My heart and prayers go out to everyone affected by the loss of their loved ones, and my deep gratitude and respect to Dr. Roshan Thomas for what she has done, and for what her legacy will continue to do, for the global community. Navroz has a new meaning now as I will always remember the extra nudge I received this year to turn hurt into hope and act today.

 

 

 

 

11 thoughts on “A Tribute To Dr. Roshan Thomas: From The Hurt Comes Inspiration

  1. Beautifully written Taslim. I didn’t know about Dr Thomas or her work before this tragedy occurred, but reading your words I’m sitting here sharing your sorrow and tears. Thank you for reminding me that I too need to begin to act and do today, not just think about and plan to ‘do something’ in the future.

    1. Thank you for your comment, Raj. My hope is that everyone touched by her, directly or indirectly, will do the same.

  2. Thanks Taslim for sharing your grief for Dr. Thomas and Ms. Kassam. We knew both and both were inspirations and touched many lives. They were beacons of light in a hopeless place. I only hope that their legacies live on and others take their place and continue the wonderful work that they were doing. I share your grief and pain.

    Tazim

    1. Thank you for reading and sharing with me as well, Tazim. Every time we speak of their work, and do what we can to contribute to the betterment of our communities, their legacies live on. My condolences to you for these losses.

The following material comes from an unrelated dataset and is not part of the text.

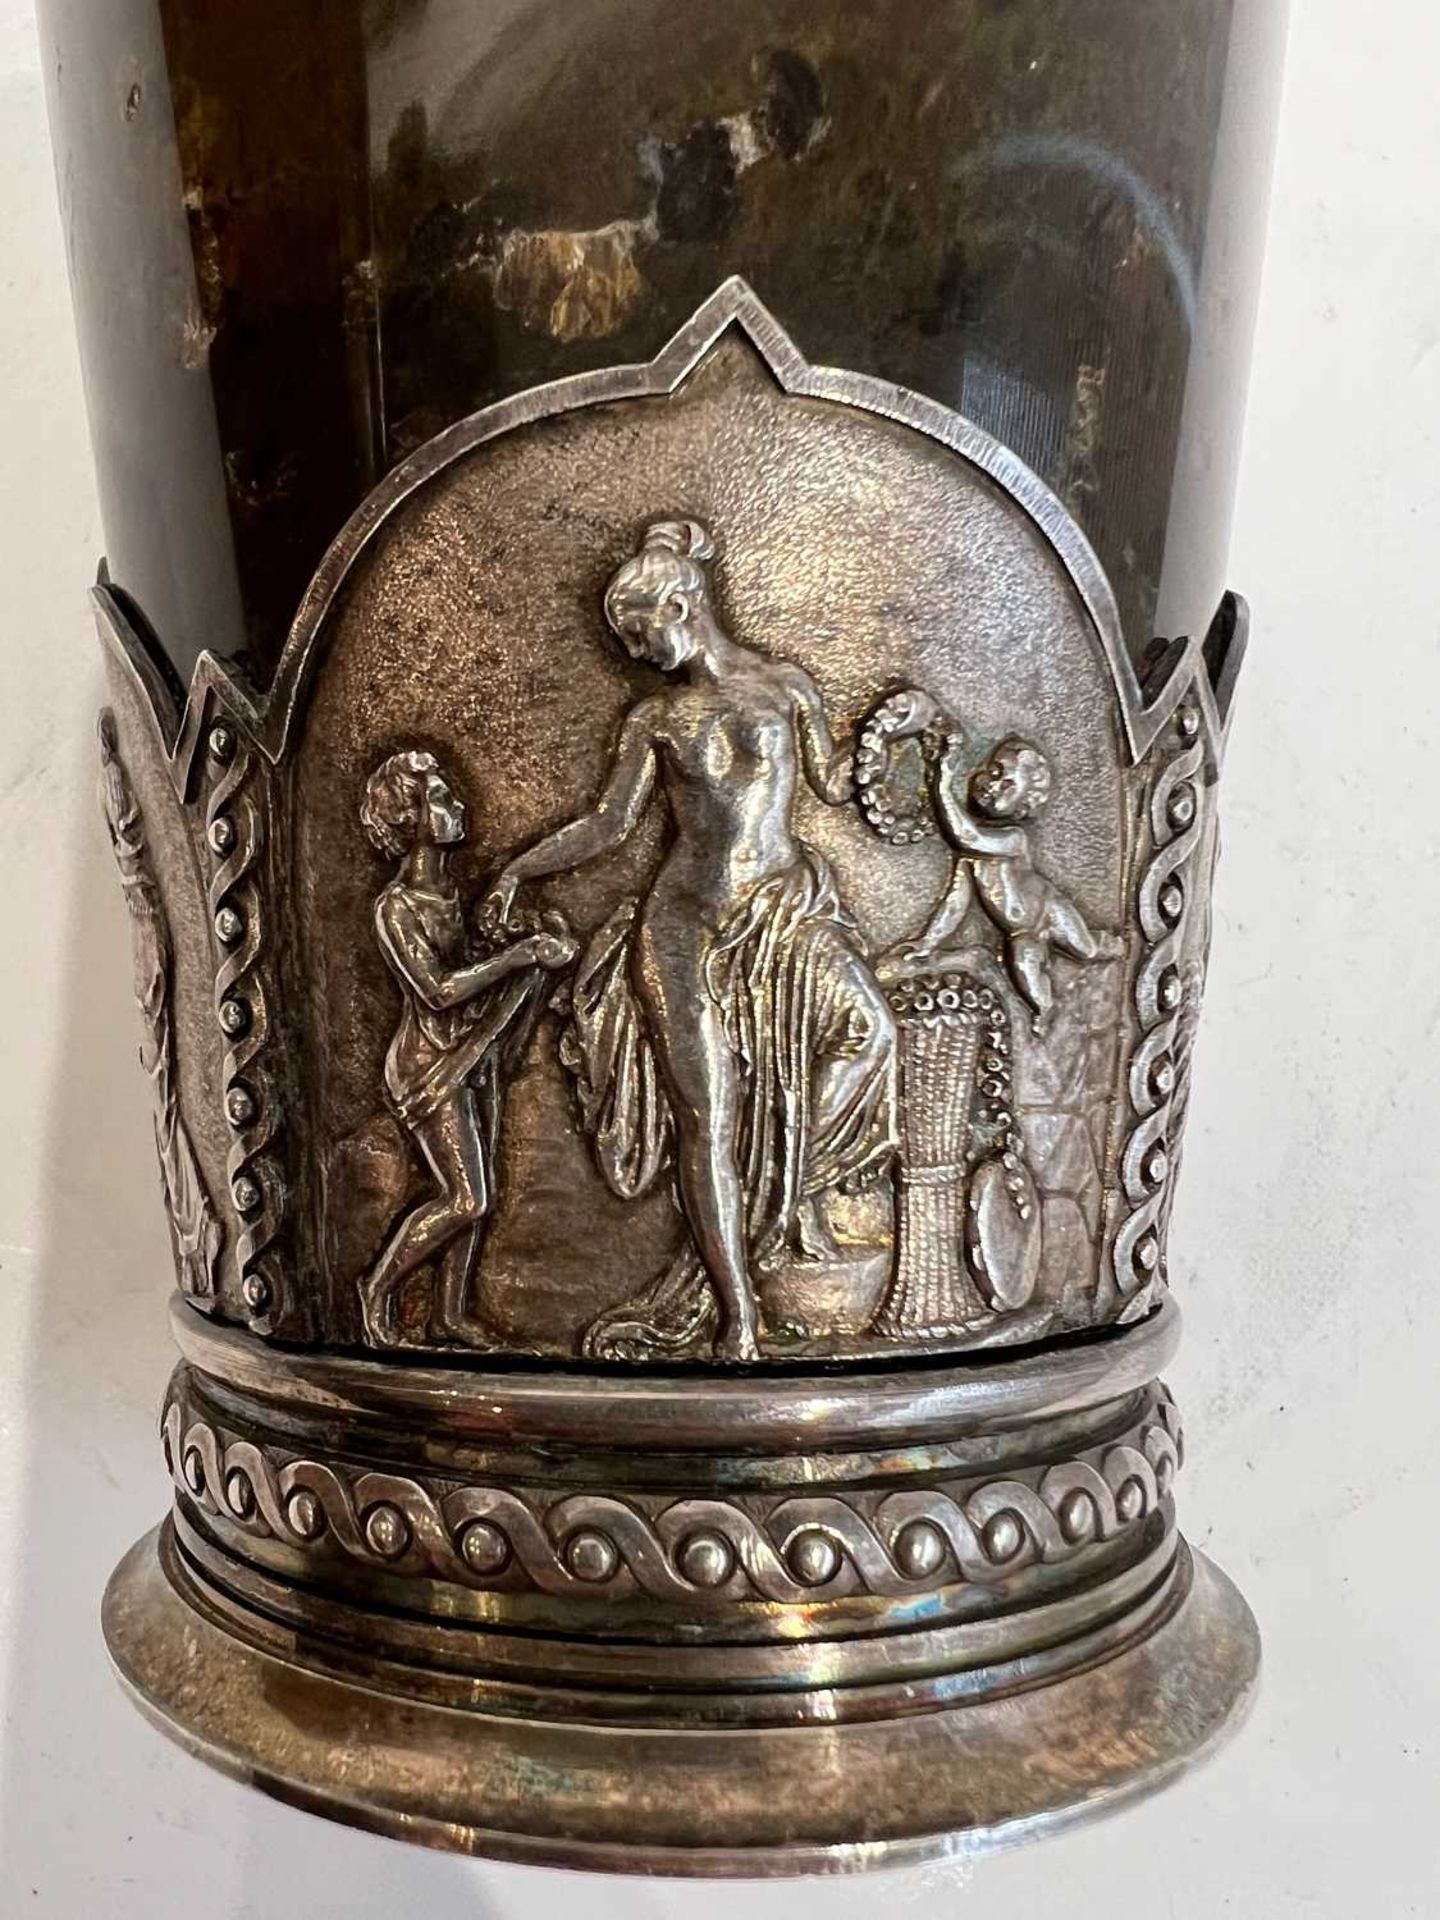 THE FOUR SEASONS CUP: A FINE 19TH CENTURY SILVER MOUNTED CUP WITH RELIEFS AFTER THORVALDSEN - Image 3 of 6

    1. Thank you and amen, Sayed. I was not able to read the Arabic but an aunt translated for me; your prayers for the deceased echo mine.

  3. Taslim,
    How beautifully you have expressed the sorrow of the loss of childhood innocence and paid such tribute to Roshan Thomas who was trying to bring hope to the children of Afganistan.
    Taslim, you sound young – I am a grandmother – have 2 girls and 2 grandsons and I agree all the children need our help to bring back hope and innocence. Keep up the wonderful work you are doing with your pen and hope individually and collectively we can make this a better world. You have also given me a new meaning to Navroz, Thank you,
    Dilshad

    1. Thank you, Dilshad. Your encouraging words are much appreciated; your grandchildren are lucky to have you praying for a better world for them. I will always believe that people are inherently good and have the ability to contribute positively to their communities, given hope and love. My kids are 6, 4 and 3 months, and I write as part of my legacy for them.

  4. Very well written. May her soul rest in eternal peace.i don’t know when this all will stop. She is truly a martyr who sacrificed her life for a great cause. Those 4 illetrate gumen must have been promised the heaven in return of this coward attack by their ignorant masters, but those blank minded people didn’t know that they are gonna be the addition to the hell. Roshan Thomas is always alive as martyr never dies.

    1. Thank you, Imran, for reading and commenting. I can understand your anger and agree that Dr. Thomas’s spirit will never die. I pray for the peace of the departed, as well as those left behind who must live in a world where, sadly, this happens.